The above steps took approximately 4 months to complete. At this point, we had a physical space for our clinic with potential patients, passionate volunteers, and the basic equipment and supplies necessary to get started. The last step was to determine operational logistics of the clinic. One of our goals was to make follow-up for our patients as seamless as possible. Given that our partner nonprofit's “Optical Day” was the second Monday of each month, we decided to hold our eye clinic on either the first Monday or Wednesday of each month so that referral to “Optical Day” was within a close follow-up time. As mentioned above, the accepting county hospital agreed to see our patients within 4 days of referral. Accordingly, we identified preapproved appointment times to give to our referred patients, so that they knew the time and location of their follow-up appointment at the time of referral.
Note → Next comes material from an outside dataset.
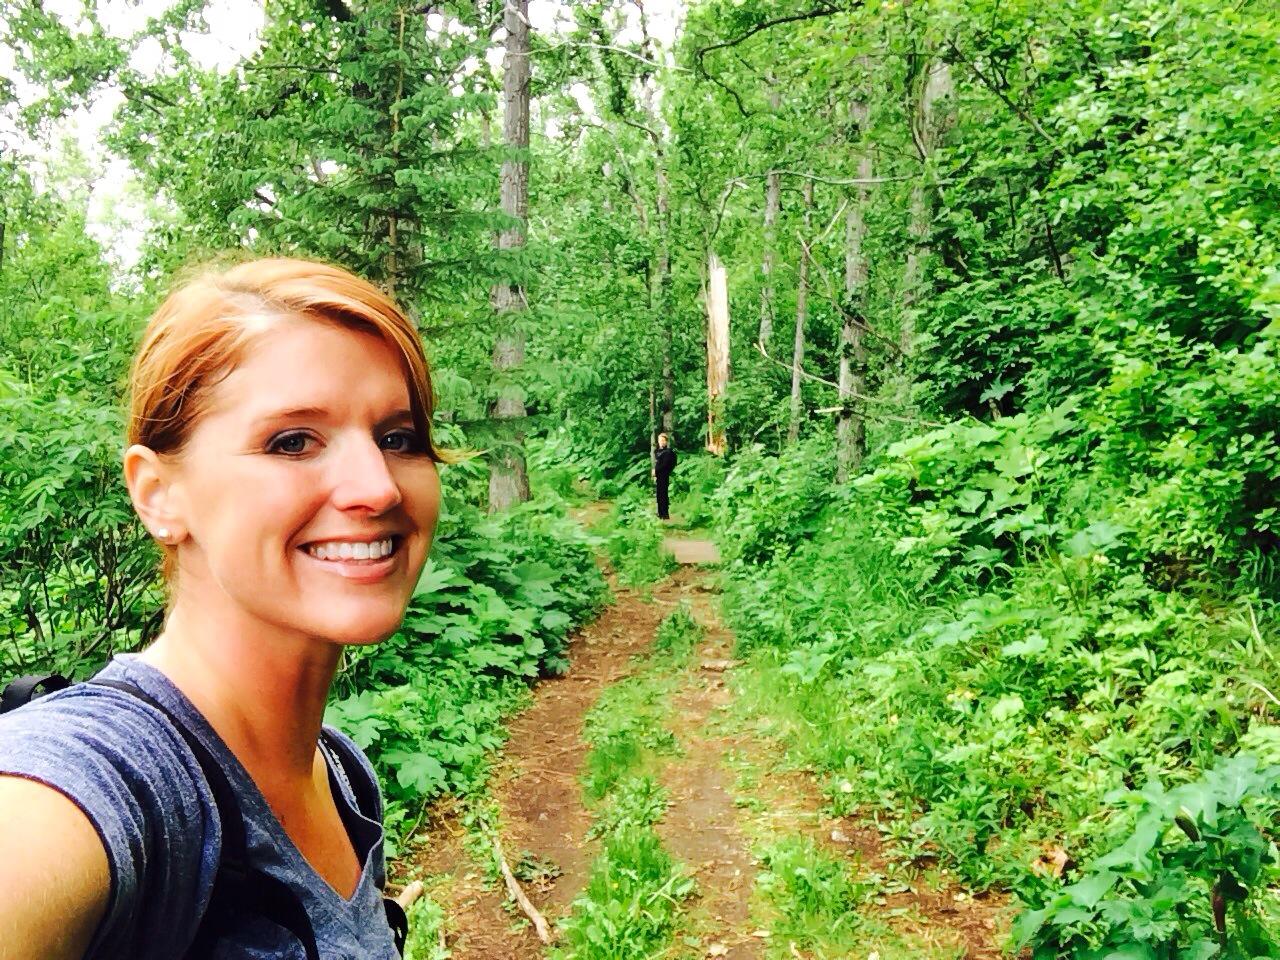 Heather selfie
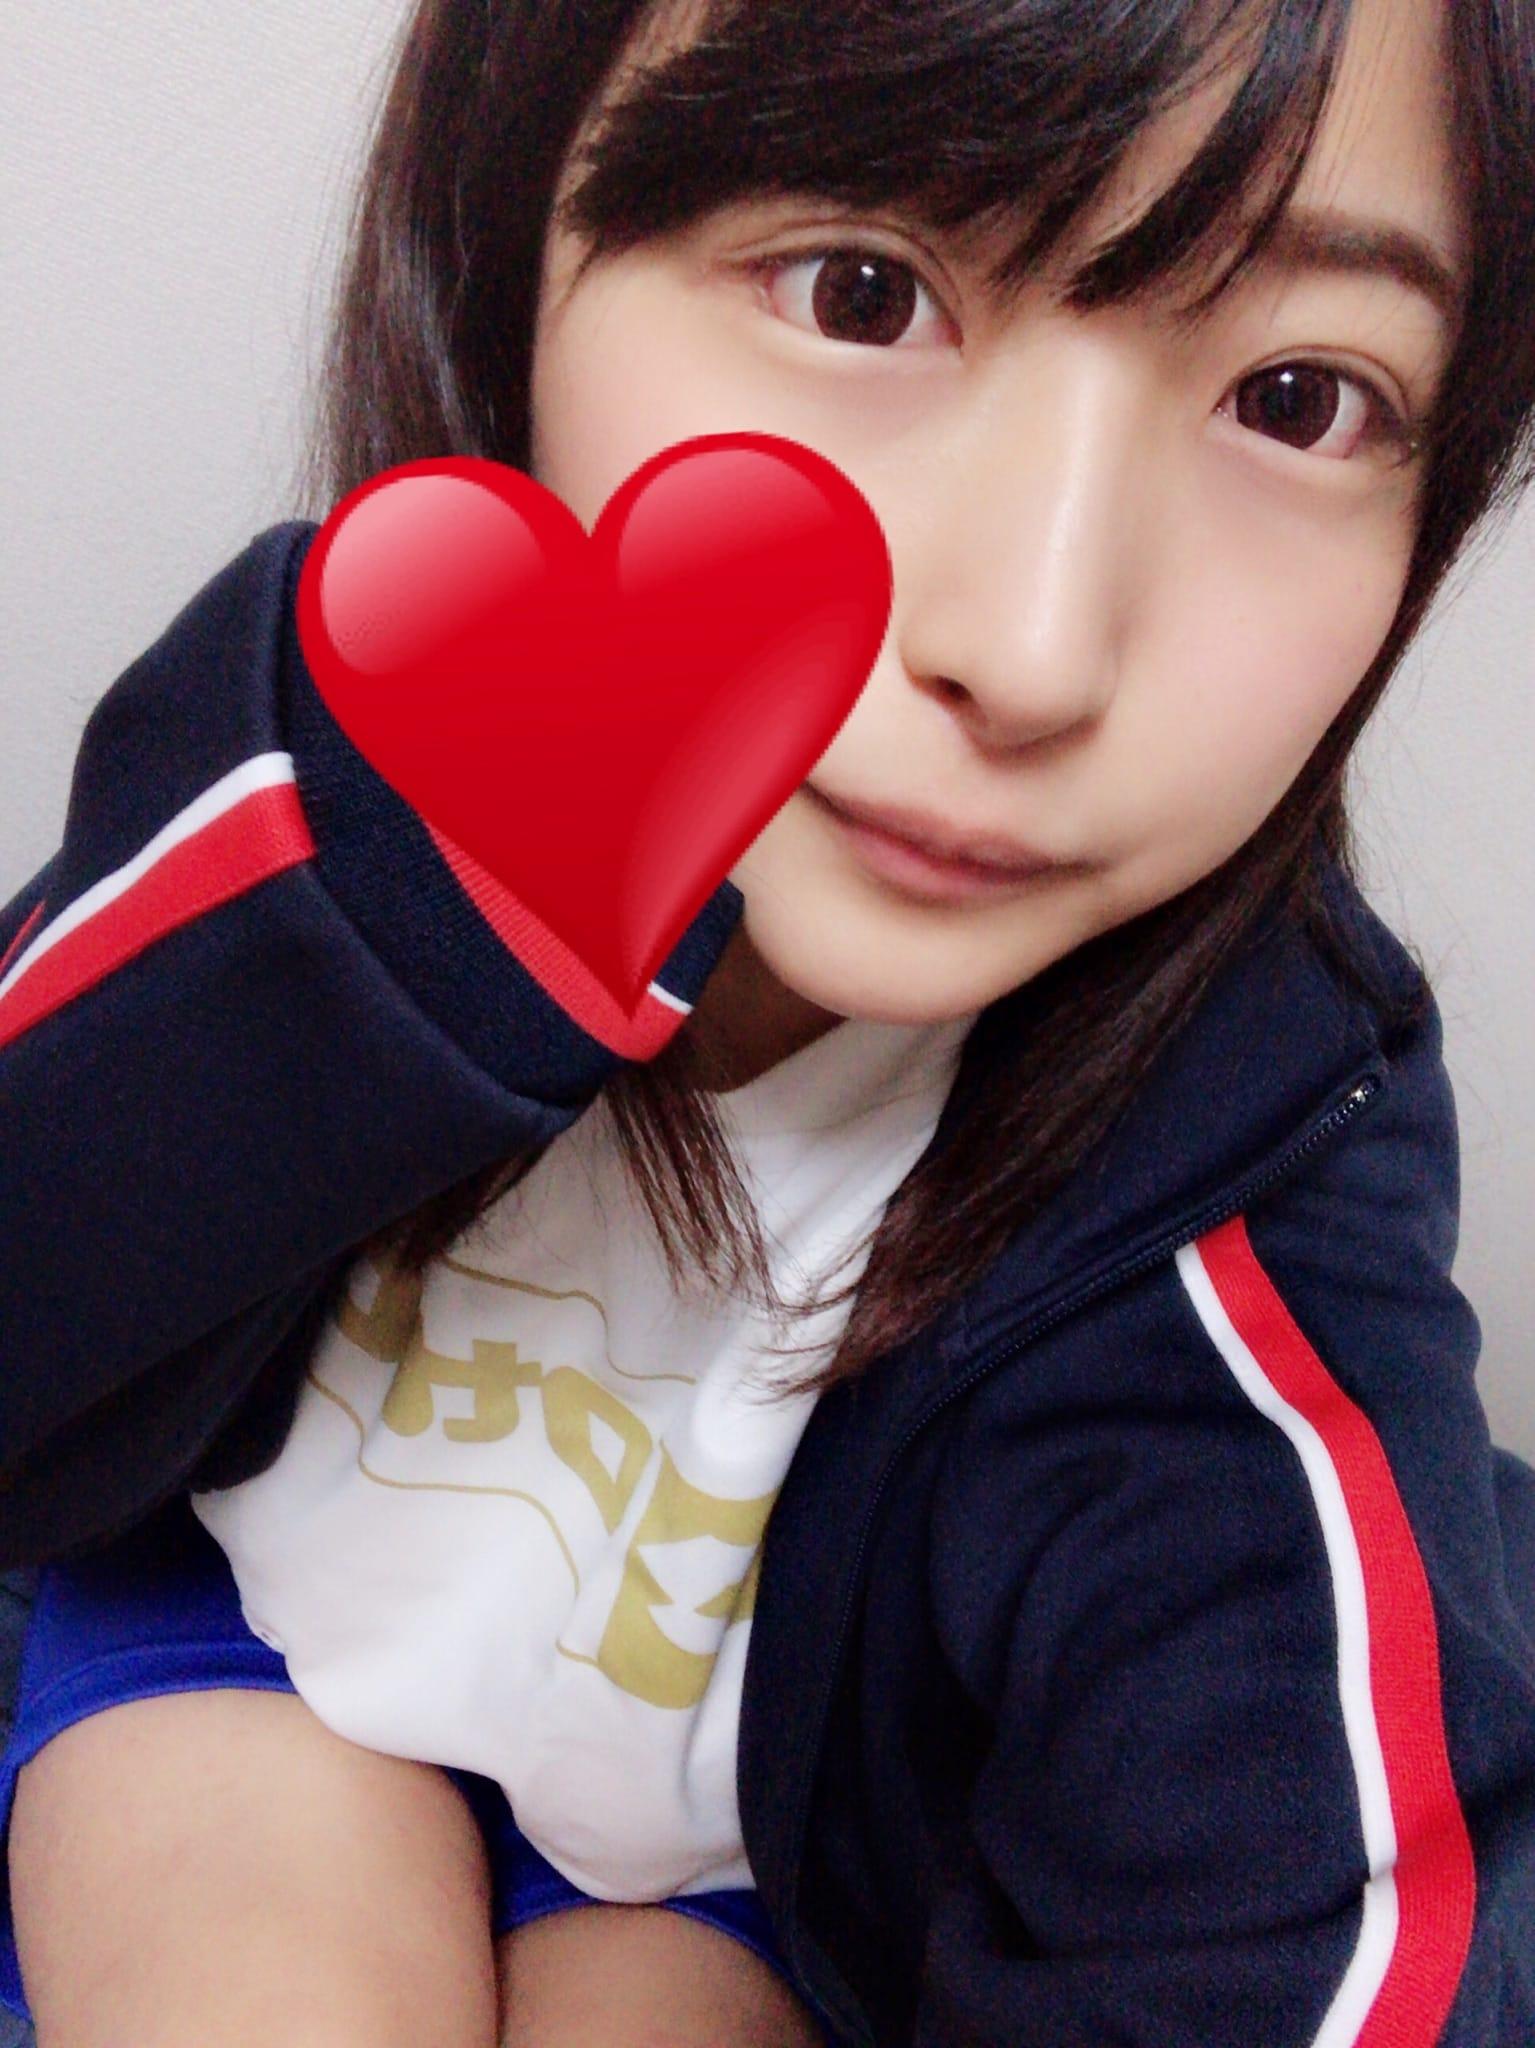 「さむい!」01/26(01/26) 16:27 | あいの写メ・風俗動画

Our first clinic was a pilot clinic to further characterize the logistics of our clinic, work out any potential obstacles with the physical space and equipment, and orient the volunteer leadership team. This pilot clinic was attended only by the volunteer leadership team (i.e., premedical and medical student coordinators, resident champion, and faculty champion) with the goal of seeing a small number of patients. This pilot clinic was organized by the resident and faculty champion and the vision was then explained to the volunteer leadership team. Each clinic then expanded from there as an iteration from the previous clinic, with particular attention to optimizing the logistics.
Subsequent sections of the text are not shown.